Peeked at the window, saw the ruts in the snow: no cars gone by for a while. Wouldn't have been many anyway, but the snow had killed whatever traffic there might have been.

But the ruts gave him an idea. He went back to the bed and pulled the sheet off. THE ST. PAUL PARK chief said to Lucas and Marcy, "We had a problem."

They were sitting on a bench eating Twinkies and drinking coffee. Marcy: "What happened?"

"A guy across the street saw the SWAT guys trading places. He turned on his porch light and yelled at them. They shut him up, but… it happened."

"Anything happen upstairs?"

"No. But we don't know he's upstairs. We only think he is."

Marcy rubbed her face, then said to Lucas: "The snow muffles everything."

"Yeah. I don't know."

They talked about it. CAPPY CUT a slit in the sheet and draped it over his head, so he was covered from head to toe in white, like a ghost. Said aloud, "Gonna feel like a fool if nobody's there."

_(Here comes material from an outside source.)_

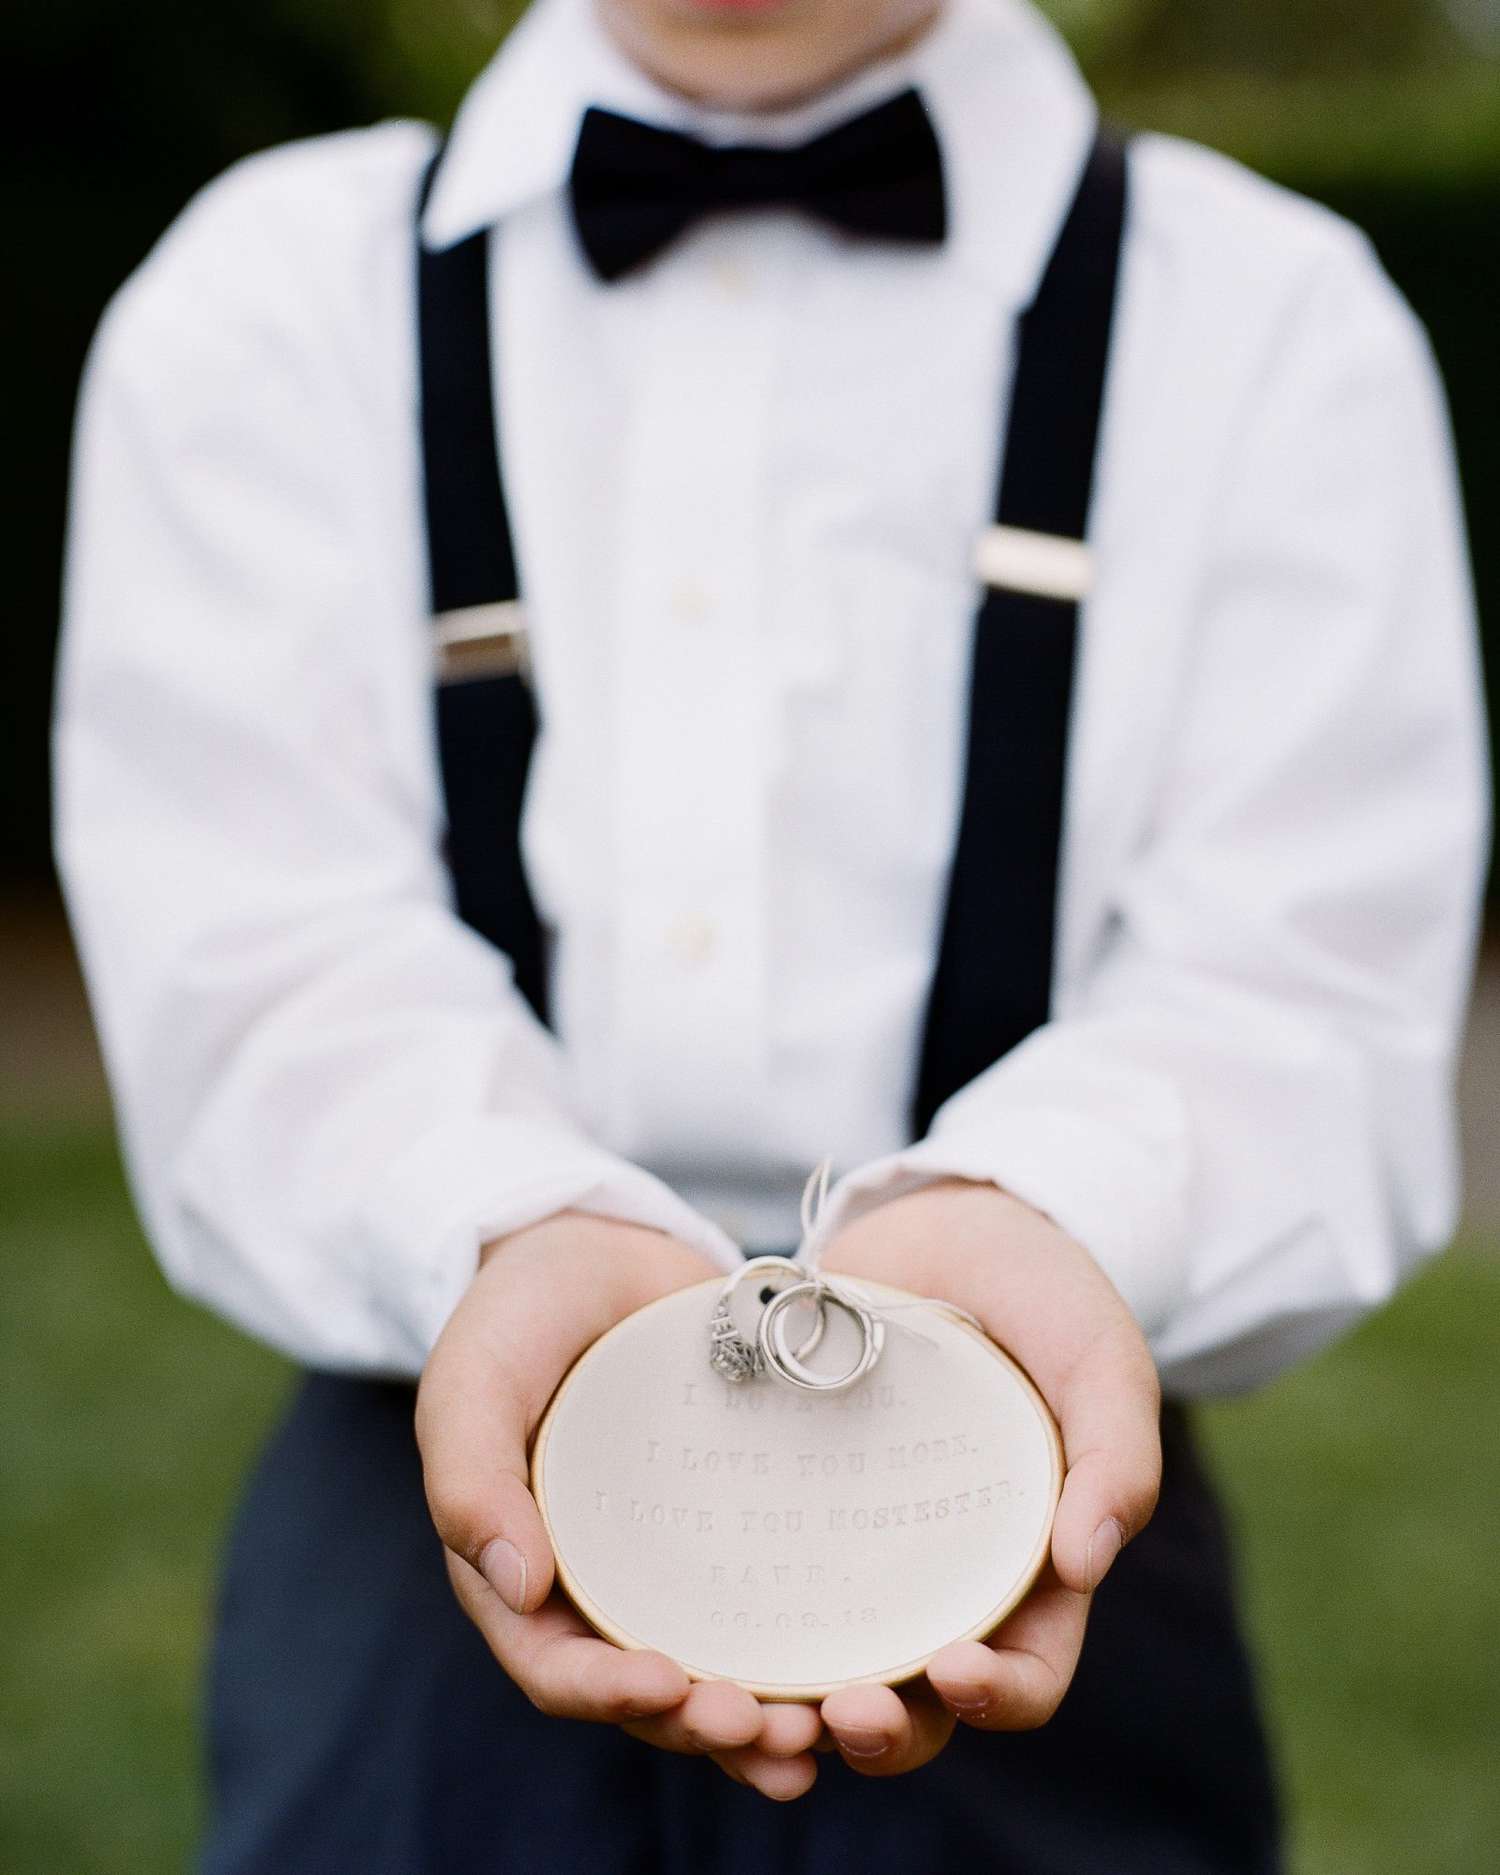 ring bearer holding decorative dish at wedding

But somebody was there, he thought.

He was down in the basement, having snuck down the stairs past Mrs. Wilson's bedroom door. Darker than the inside of a coal sack. There was a chair by the washing machine…

He lifted it over to the basement window, a low, eighteen-inch-high double-pane affair that hinged at the top. Probably, he thought, hadn't been opened in years. Didn't want to wake Mrs. Wilson, though she was hard of hearing, and so he didn't have to be absolutely quiet.

He stood on the chair, brushed his hand around the perimeter of the window, until he found the latch, worked it loose. Window didn't want to open. Got his knife out, pried around the edges, had to work at it, first one end, then the other, finally felt it give. A minute later, a rush of cold air and snow blew over him.

The snow was as high as the window. He stepped up on the dryer, put his gloves on, pushed the window up, and started to work through it. Not easy: he was wearing too much clothing and kept getting hung up. He struggled, pushing with his feet, and then with his hands, and finally dragged his feet through the window. He was lying flat on his stomach, covered with the sheet, in fourteen inches of snow.

He began low-crawling his way forward, like a worm, nearly invisible in the dark. He was headed straight out to the back of the lot. LUCAS SAID, "If he's upstairs, and I don't know why an old lady would want to have her bedroom upstairs… if he's upstairs, you could come in from the side of the house where the roof comes down. You know what I mean? He can't see out that way."

Nelson, the SWAT commander, said, "Yeah, we could do that, but if he saw our guy… if he's moved downstairs, he could be looking out a window, our guy would be dead meat."

Nelson's radio burped and he put it to his face and said, "Yeah?" Listened, and said, "Can you get over there? Okay. Stay right where you are. I'm going to alert everybody. We'll be there with you in a minute… Sure it wasn't a dog? Okay."

He said to Lucas, Marcy, and the chief, "Billy Harris thinks somebody, or something, might have just hit the fence in Wilson's backyard. He didn't see it, but he heard it, and thought he might have seen something."

"How could he get out?" Marcy asked.

"Don't know."

"Let's go look," Lucas said. "Let's get a couple guys to go with us." THEY LEFT the building at a jog, five of them, running around the block, in the night, slowed by the snow. Nelson called up Harris at the end of the second block and said, "Careful, we're coming in."

They went in single-file, groping past hedges and garbage cans; the only light was from the streetlights, and there wasn't much, not in the close-packed older houses, with grown-up trees and bushes. Harris had been set up behind a neighbor's garage at the back of the house.

They came up and he said, in a whisper, "Right there, across the yard. Something big hit the fence."

They could see the back window of the upstairs room, a dark rectangle in the barely visible house.